The Giants traded RHP Eric Silva to get him. He’s hitting .250/.344/.385 in July (16 games, 61 PA). He’s owed around $3.83 million the rest of the way and so it seems like the cash savings the Giants got from trading away Soler, Jackson, and Cobb (~$8.83) still winds up being pretty decent after all — certainly, enough to pay the $2-$3 million CBT tax bill.
Still, it’s an unsexy move. And, as Jeff Young mentions:
This move made so much sense 2 years ago. Canha brings a good at-bat quality to the table. Plus, he is slashing .286/.400/.457 (140 wRC+) against LHP in 2024. That said, the Giants have been fine against LHP (109 wRC+) this year so they are adding to what is already a strength. https://t.co/1ABY0D5x3f
— Jeff Young (@BaseballJeff1) July 30, 2024
The Giants made a very marginal move and are now committed to Tyler Fitzgerald, Heliot Ramos and — if they don’t cut him, which seems unlikely — Derek Hill rotating around center with Canha being a DH backstop in case the Marco Luciano experiment flops and/or Wilmer Flores really is cooked.

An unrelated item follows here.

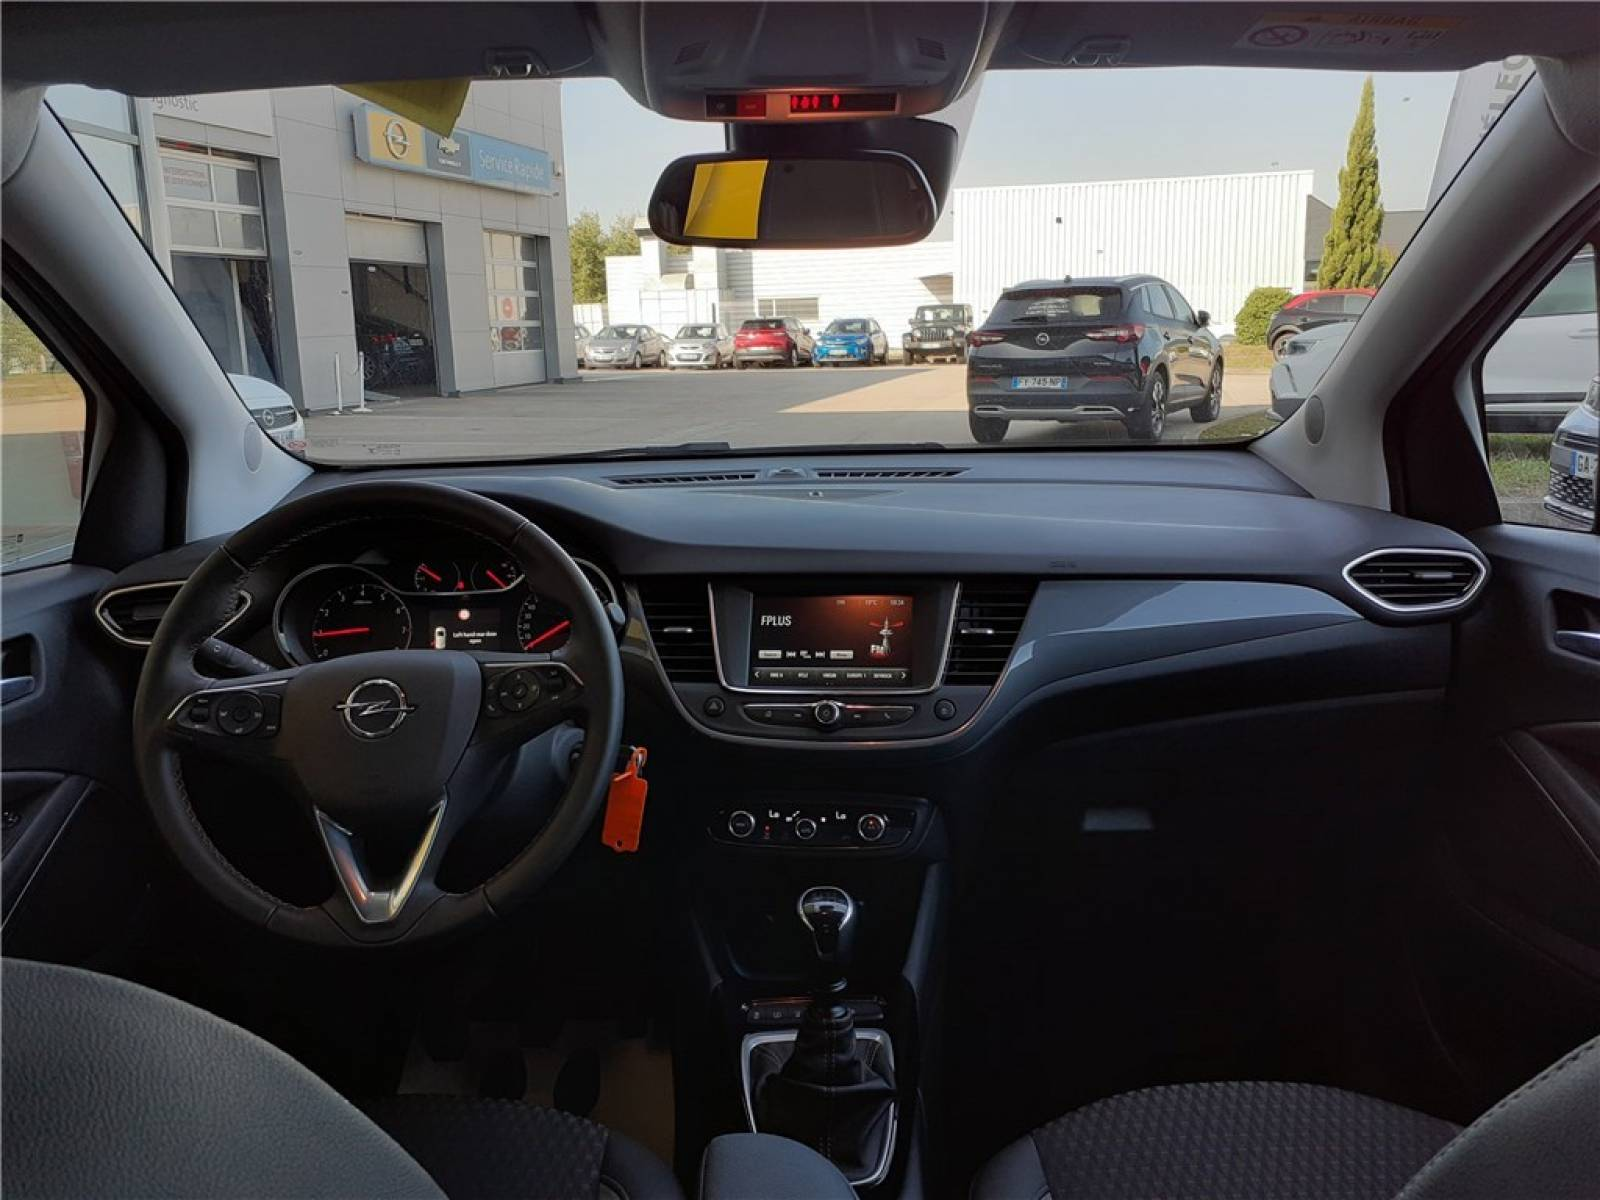 OPEL Crossland X 1.2 Turbo 110 ch - véhicule d'occasion - Groupe Guillet - Opel Magicauto - Chalon-sur-Saône - 71380 - Saint-Marcel - 16

It’s hard not to see this as shades of the AJ Pollock deal last year, where the front office didn’t want to signal to the clubhouse and fans that they’d given up on the season, only that they didn’t believe they were going to do much the rest of the way. Now it’s up to the rotation of 4-5 inning starters and an absolutely torched bullpen to help the Giants win every game 2-1. I think they can do it, don’t you?